9. Reconcile is a merge, not a replace

fs_watch::replace_preserving_tokens is misnamed for historical reasons — it's actually a merge. Fresh scan_all output adds-and-updates; it never deletes. Deletion flows exclusively through fs_watch's EventKind::Remove branch.

The reason: parse_meta_fast can fail transiently — a file being rewritten by /compact hands us a mid-write snapshot that isn't valid JSONL, an active writer has the file truncated for a brief window, or we race EOF on a partial line. Every such failure drops that session from fresh. With replace semantics, the session would vanish from state until the next notify Modify event pushed it back, and Top Projects latest would flip to the second-newest session's updated_at on every reconcile tick. Carrying forward prev-only sessions costs nothing (they'll be refreshed next reconcile or corrected on the next real write) and buys stability.

Debugging loop

cargo run -p agentmonitor --release -- --debug writes $XDG_CACHE_HOME/agent-monitor.log (macOS: ~/Library/Caches/dev.agentmonitor.agent-monitor/agent-monitor.log). Key info-level lines:

  • token_refresh: starting / token_refresh: first pass done updated=N — confirms the background sweep ran.
  • token_refresh: pass done reason={ticker,signal} updated=N — per-pass.
  • fs_watch: new session tracked path=... — should fire once per session. If it fires repeatedly for the same path, either normalize is broken (§4) or the path is escaping state for some other reason.
  • fs_watch: reconcile replaced sessions preserved=N new_paths=M — bulk sync after 10s. new_paths > 0 long after startup means a new session file appeared that fs_watch missed via notify.
  • write_back: accepted path=... old=X new=Y delta=Z — the authoritative "tokens changed for this path" record. If the user reports stuck totals, grep for the active session's path and look at deltas.

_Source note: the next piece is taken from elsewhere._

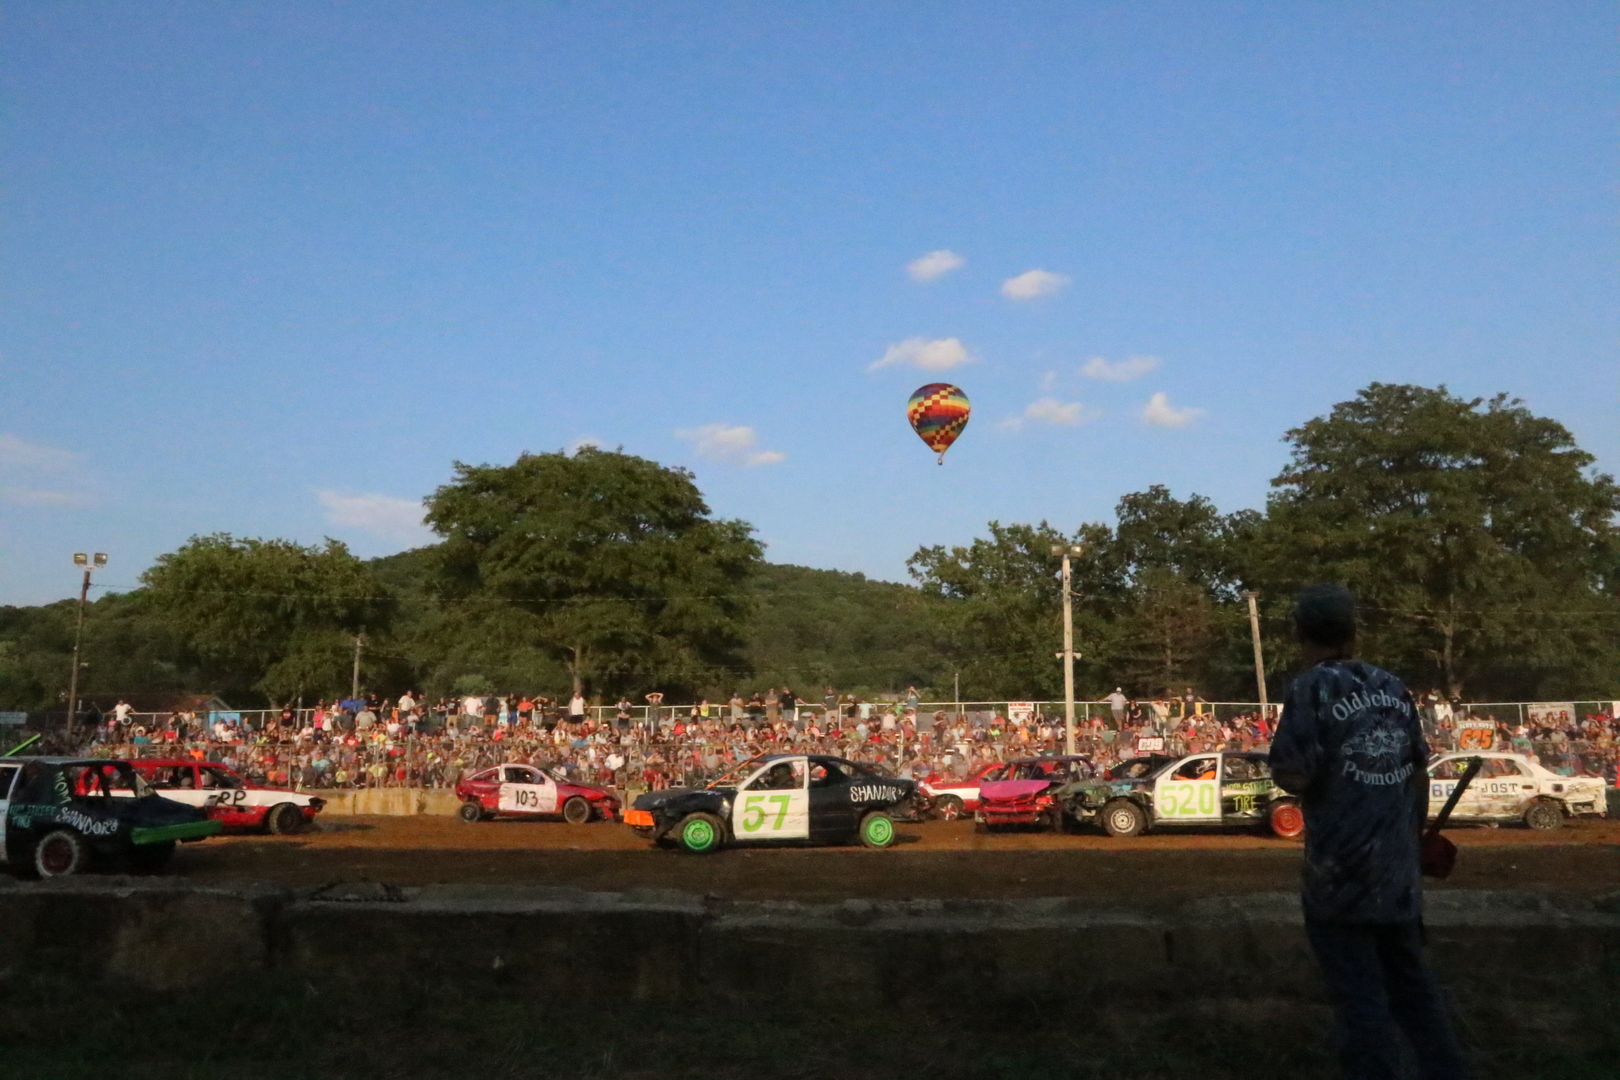 Warren County Farmers' Fair and Hot Air Balloon Festival, Phillipsburg, New Jersey, United States

When token totals misbehave, the failure is almost always at one of:

  1. parse_meta_fast rejecting the file → session missing from state (§5).
  2. parse_meta_full returning 0 or too few tokens → adapter logic bug.
  3. fs_watch clobbering tokens → broken preserve logic (§1).
  4. notify path ≠ stored path → firmlink / case / Unicode normalization (§4).

Add structured info-level logs at the suspicious boundary and re-run — two lines of evidence beats two hours of speculation.

Test conventions

  • Adapter parsing changes: add table-driven tests under #[cfg(test)] mod tests in the adapter file. Use serde_json::json! to construct fixtures; don't hand-roll JSON strings.
  • fs_watch / token_refresh changes: test via replace_preserving_tokens and write_back helpers directly. They're pub(crate) or private with module-scope tests.
  • Before shipping any change touching data flow: run cargo test -p agentmonitor --lib && cargo clippy -p agentmonitor --all-targets -- -D warnings.

CLI

agent-monitor [--once-and-exit] [--sample-interval SECS] [--debug]

--once-and-exit prints the session snapshot and exits — fastest way to verify a parsing change hasn't regressed the visible-session count.